Smacks of communist censorship? You bet. The mayor of Coral Gables is bucking for Cuban culture minister.
ECHO CHAMBER
And speaking of aping anti-democratic regimes, it probably wasn’t the best international p.r. move to have Florida Senator Rick Scott and Miami Congressmen Mario Diaz-Balart and Carlos Gimenez headline this week’s Washington rally. They did, after all, trash the U.S. Constitution on January 6 by genuflecting to Donald Trump and voting to block legitimate electoral college votes – right after an insurrectionist pro-Trump mob stormed the U.S. Capitol.
- Black Lives Matter matters. Making Cuban exile YouTube “influencer,” blackface aficionado and Black Lives Matter demonizer Alex Otaola the de facto MC in D.C. didn’t help, either. Beyond the Cuban exile echo chamber — especially beyond U.S. borders — the racial justice movement is respected. Seriously. I can send some links.
- Bomb talk ain’t the bomb. Ditch the calls for U.S. military intervention in Cuba. That means you, Miami Mayor Francis Suarez. Why would Canada or the E.U. cozy up to the embargo after hearing your reckless suggestion to drop bombs on Havana?

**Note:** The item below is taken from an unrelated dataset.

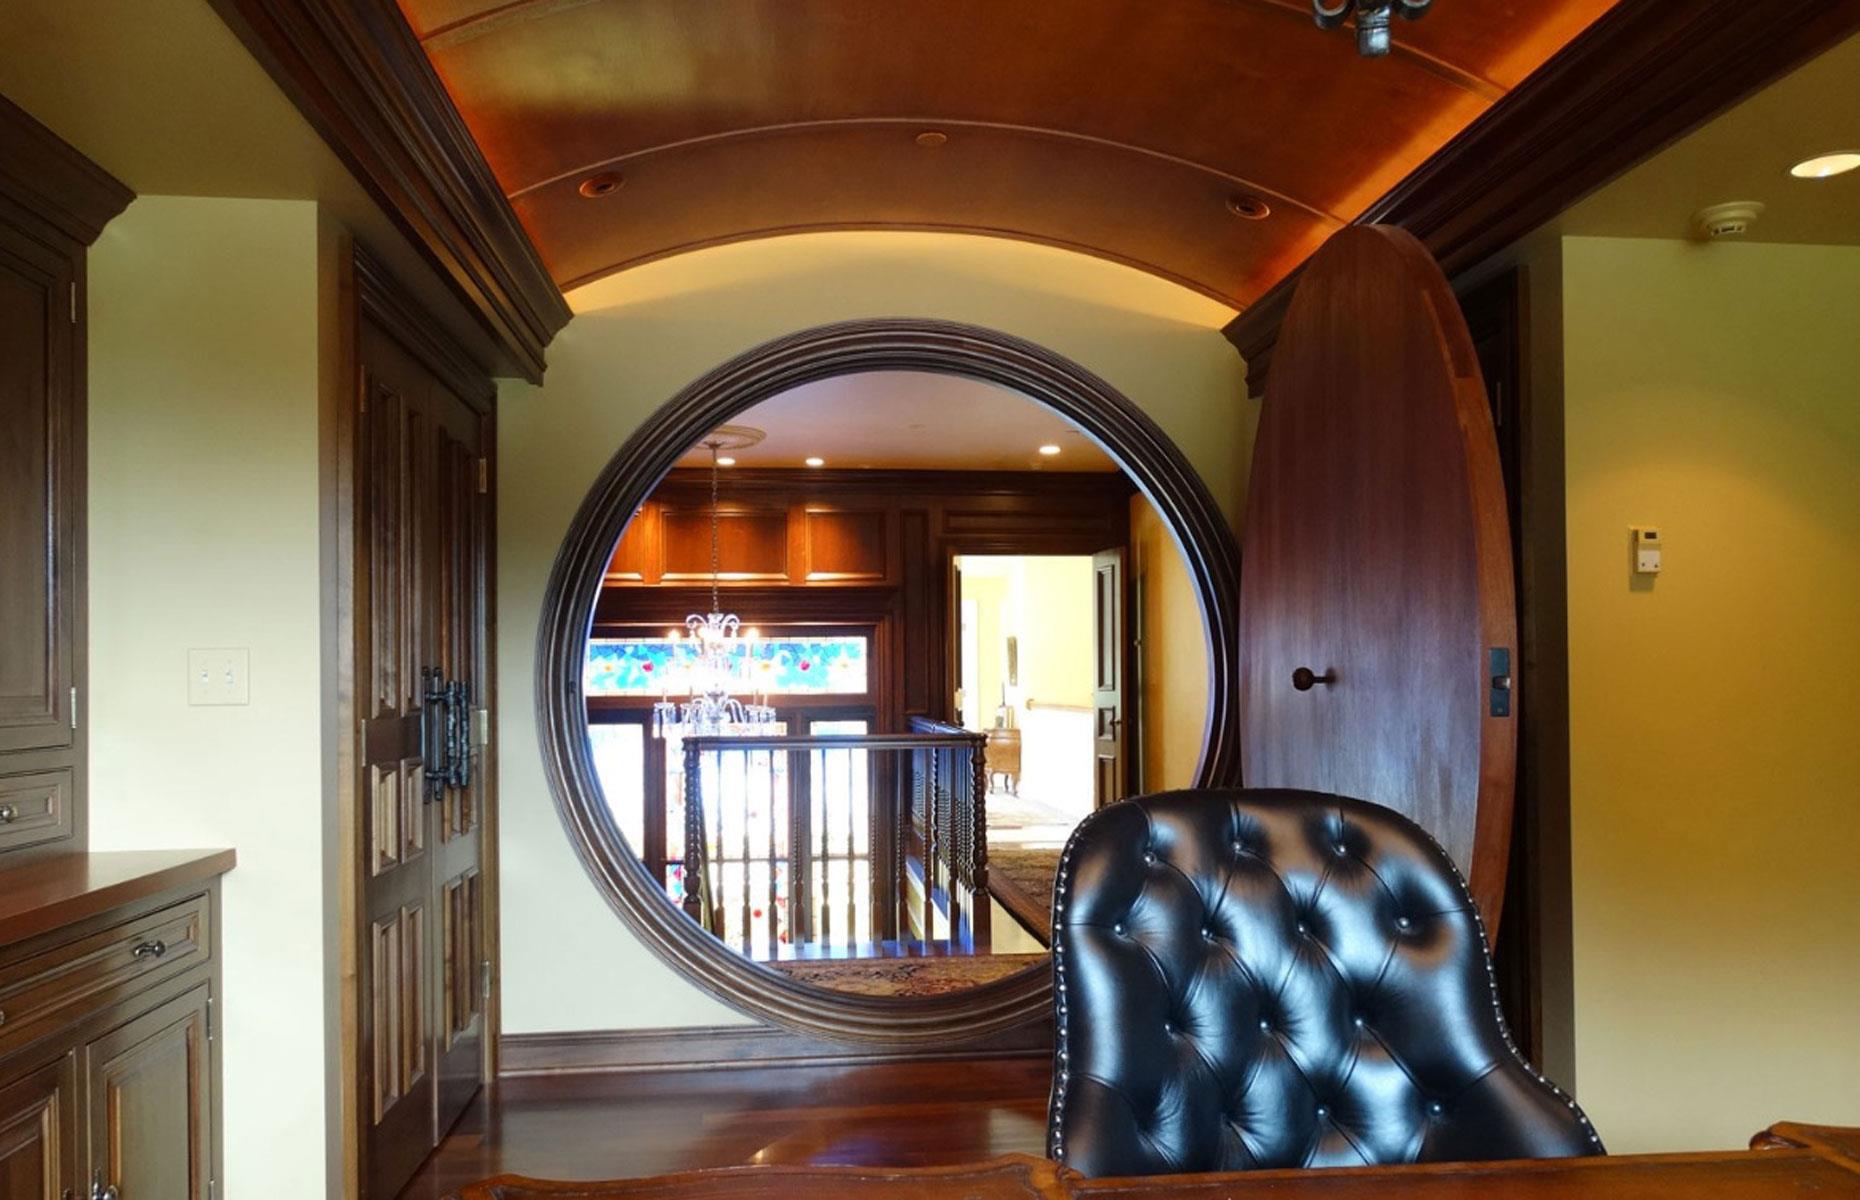 <p>A unique feature, the magnificent solid wooden hidden door was commissioned by the former owner, a diehard Tolkien fan, who spent a fortune having it custom-made and installed in the luxurious mansion to resemble a <a href="https://www.loveproperty.com/gallerylist/62633/real-life-hobbit-homes-that-put-the-shire-to-shame">real-life hobbit home</a>. </p>
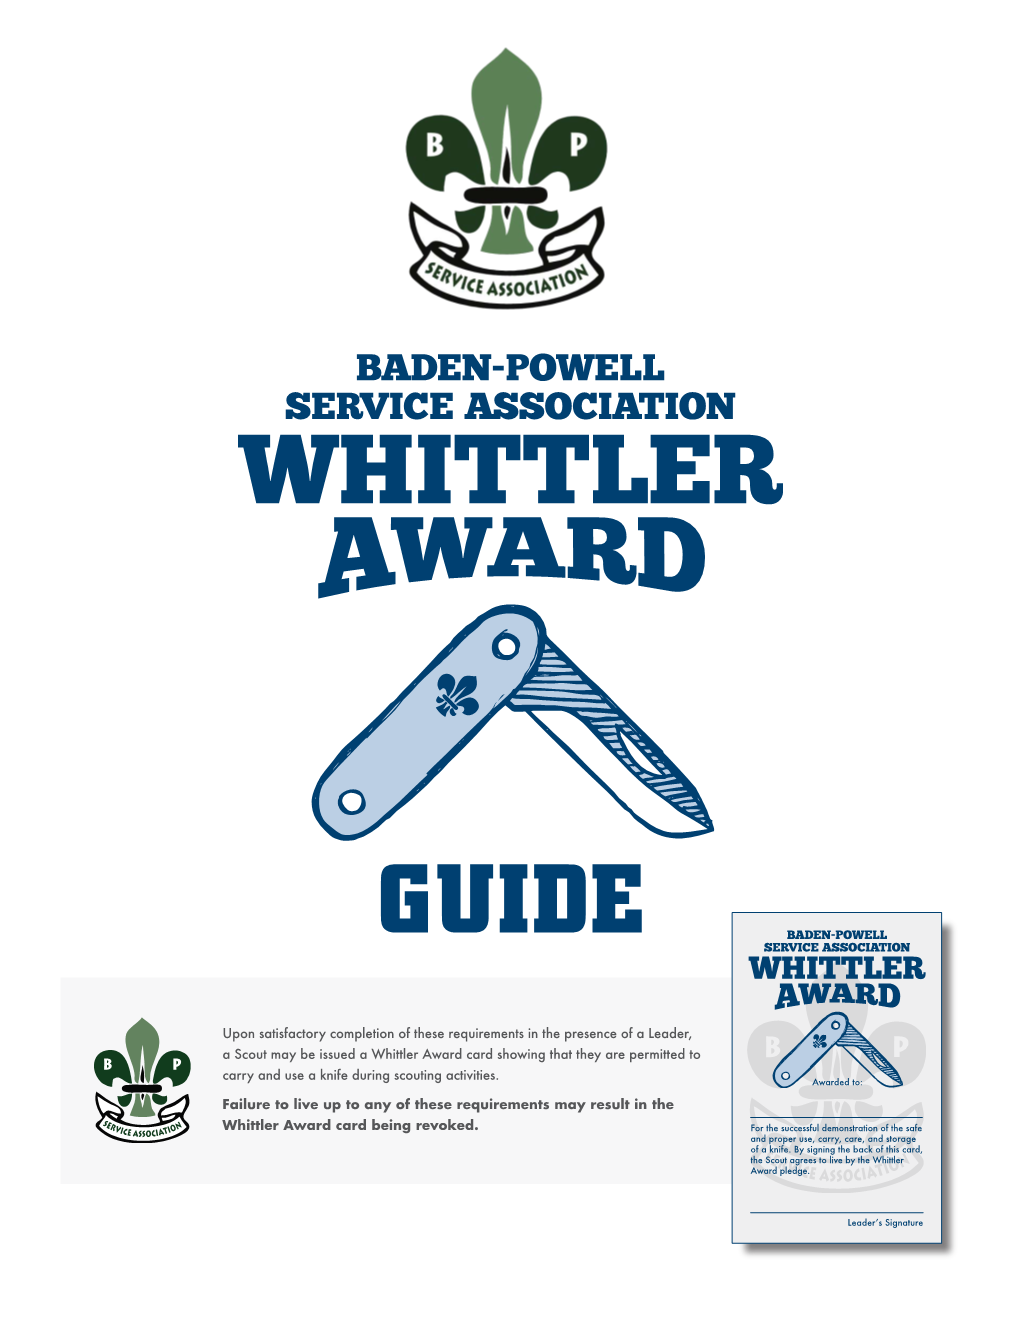 Upon Satisfactory Completion of These Requirements in the Presence of a Leader, a Scout May Be Issued a Whittler Award Card Showing That They Are Permitted To

- It IS partly the economy, stupid. Cubans rose up for freedom last week. No one disputes that. But they’re also furious at chronic shortages of food, medicine, electricity — and yes, vaccines. The incessant Cuban exile insistence that those things don’t matter to Cubans on the island insults them and the world’s intelligence. If Cuban-Americans want to have both the embargo and international backing, they’ll have to help Cubans meet their quotidian needs — starting with a resumption of remittances to families and aid to entrepreneurs.
It won’t mean they’re soft on communism. It’ll instead help assure the world they won’t make post-communist Cuba as unfairly hard a place as Miami was to Mandela.